Deprecations and avoiding them with NixOS
We joke a little about how to handle deprecations in a way that makes people take them seriously, and then we look at how to use Perl on NixOS to avoid suffering from backwards incompatible changes.
You have arrived at the mid-week hump. Have a $container of $beverage and enjoy some reading before you speed along with the rest of your life.
New articles
Deprecate Like You Mean It
Python has gone and broken their backwards compatibility over something silly again. I propose a solution based on systems theory to get people to actually heed deprecation warnings.
Full article (1–2 minute read): Deprecate Like You Mean It
Packaging Perl and Shell for NixOS Deployment
It's not obvious to a NixOS beginner how you're meant to package scripts for deployment to a NixOS system. But it's actually quite a nice exercise in figuring out how Nix is supposed to work. Come along for the ride!

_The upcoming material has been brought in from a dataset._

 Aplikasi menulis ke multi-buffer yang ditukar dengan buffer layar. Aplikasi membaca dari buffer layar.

Full article (12–25 minute read): Packaging Perl and Shell for NixOS Deployment
Flashcard of the week
I'm actually hugely behind on my flashcard repetitions. Almost 1500 flashcards to review. So you'll get a bunch of good ones today but with less context for each.
How far does one have to walk to get exposed to one micromort of risk due to traffic injuries?
30 km
This one surprises me. Maybe the UK (which is where the number comes from) is particularly hostile to pedestrians? The same source estimates cycling to be roughly as dangerous per distance as walking, but driving a car 10× as safe!

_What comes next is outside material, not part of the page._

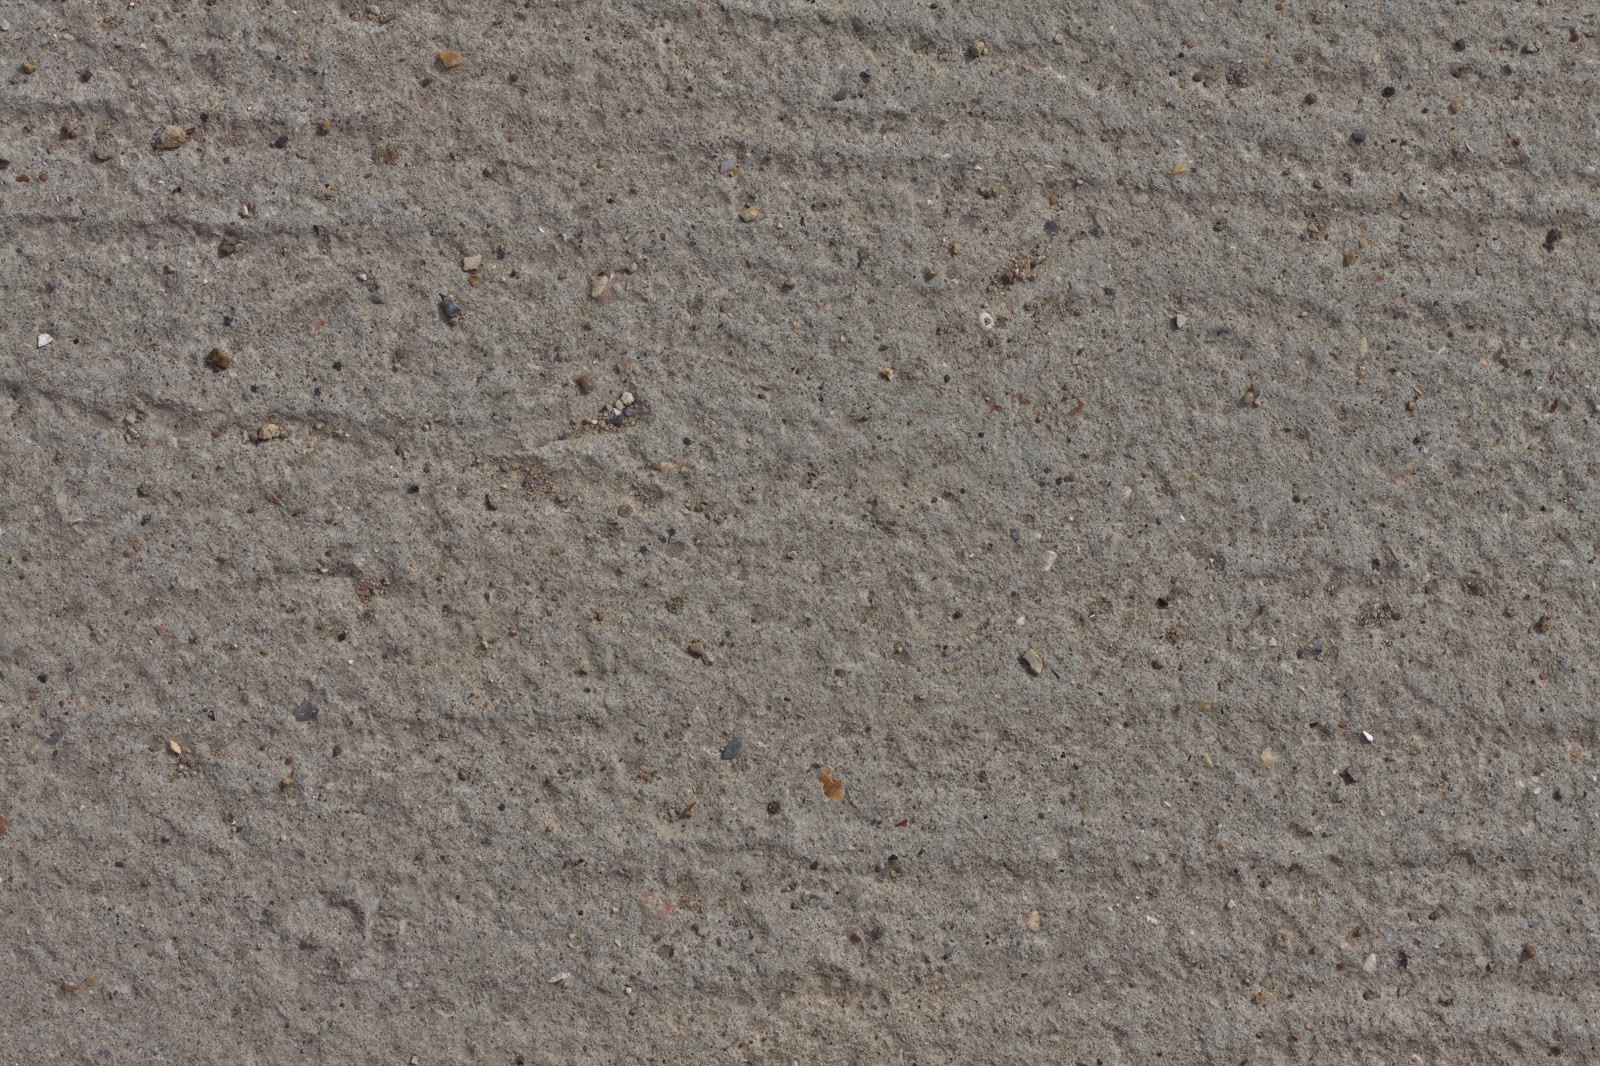 Concrete ground floor walkway pathway texture ver 3

Which is the first phase of offense for the platoon?
Movement to contact
That's when the elements of the platoon fan out to locate the enemy. Once located, the decision will be made to either fix them through maintained contact, or to break contact.

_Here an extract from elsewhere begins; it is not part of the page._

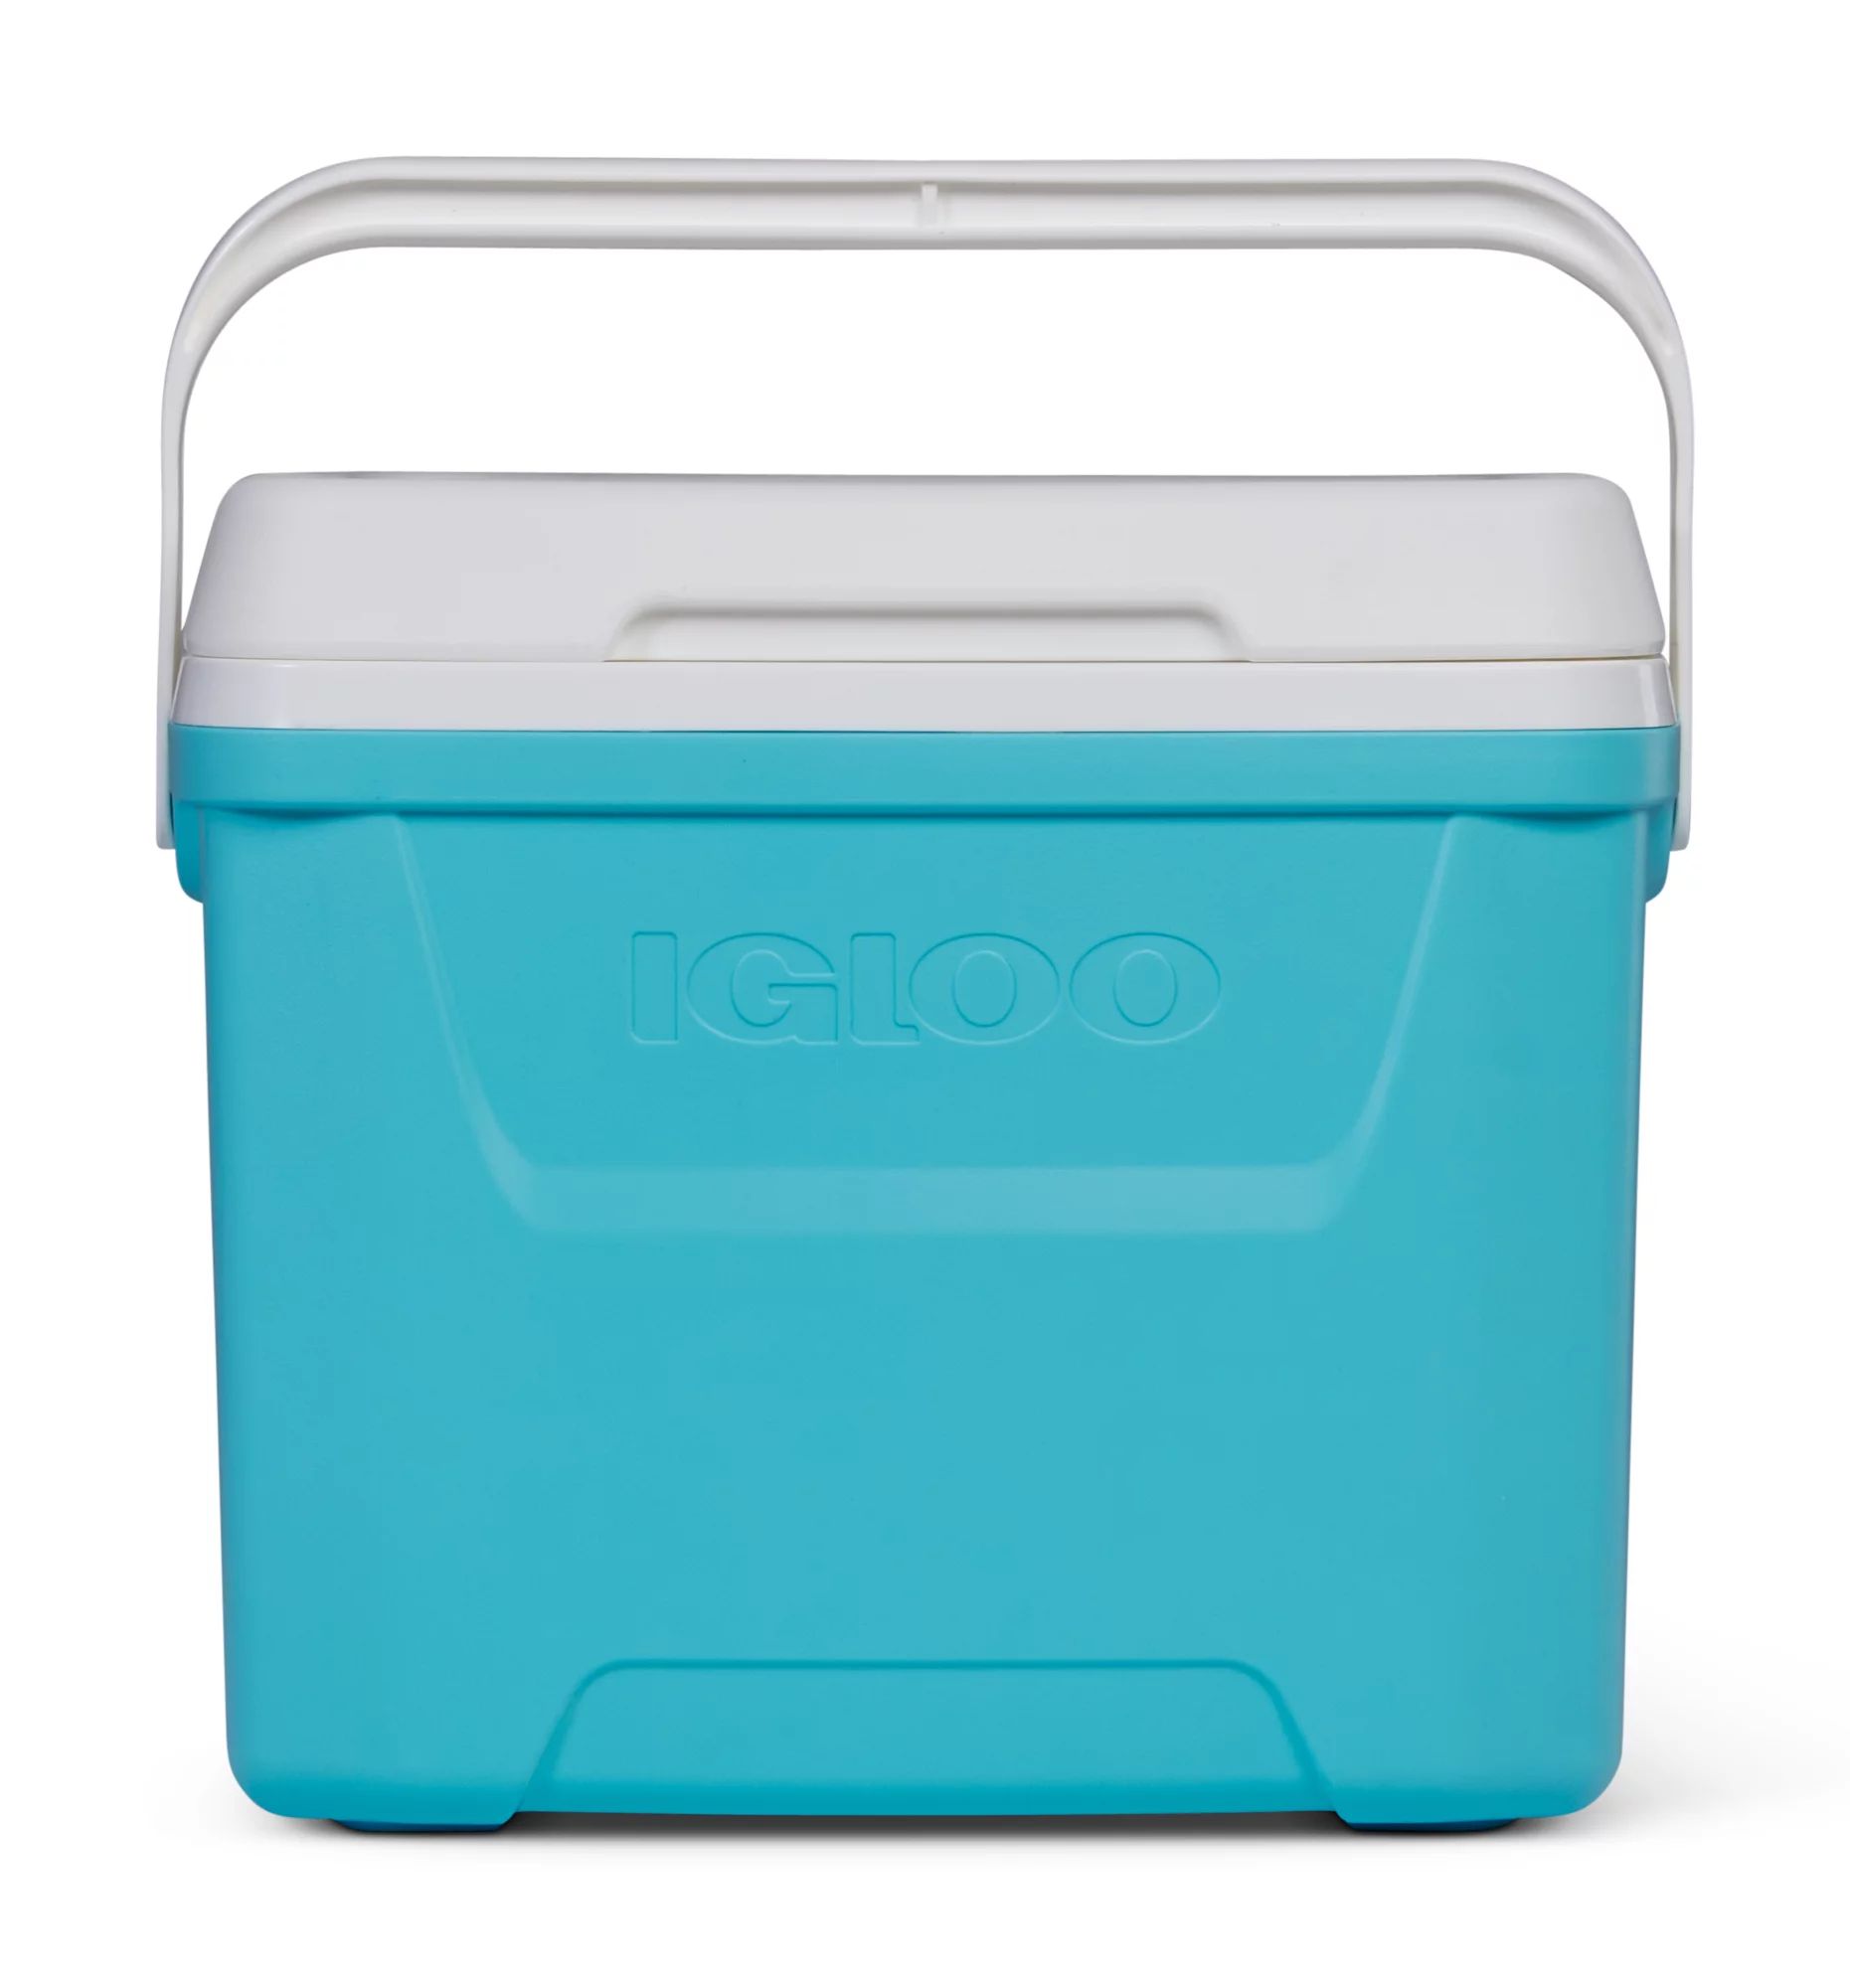 Igloo 28 qt. Hard Sided Ice Chest Cooler, Aqua Blue and White - Walmart.com | Walmart (US)

What is Désiré André's reflection argument?
Any random walk that ends up above a threshold C must have passed the threshold C, and each such path has a buddy path that instead of passing C, reflected down again. Thus the probability of touching C is twice that of ending up above C.
How do you calculate impact speed (km/h) from fall distance (m)?
v = 16sqrt(s)
This ignores air resistance. I use this sometimes as a reference for e.g. "how bad would it be to crash a car into a wall at 20 km/h?" Well, 20/16 squared is something like a fall height of 1.5 metres. So an ouchie, but not critical if restrained in a modern car.
What are two reasons we shouldn't be concerned about how expensive it is to estimate small proportions?
(a) We usually only care about whether the proportion is, say, < 5 %, not whether it is specifically 2 % or 3 %. (b) When looking at rare cases, differences in opinion about what counts as one of those rare cases adds more uncertainty than the sampling error alone.
Especially the latter point is insightful in that typical Deming way.
Which are the three most common PostgreSQL objects?
Tables, views, and sequences.
What are two examples of prompts that elicit verbal elaborations?
"What is your goal?" or "How did you know that?" or "How did that go?" or "Is that normal?"
Some of my favourite questions when watching someone else do something! (But if you're trying to record how they're doing something, you should ask those questions only later, once they're done. They're the kind of questions that are likely to change someone's approach to the problem they're solving.)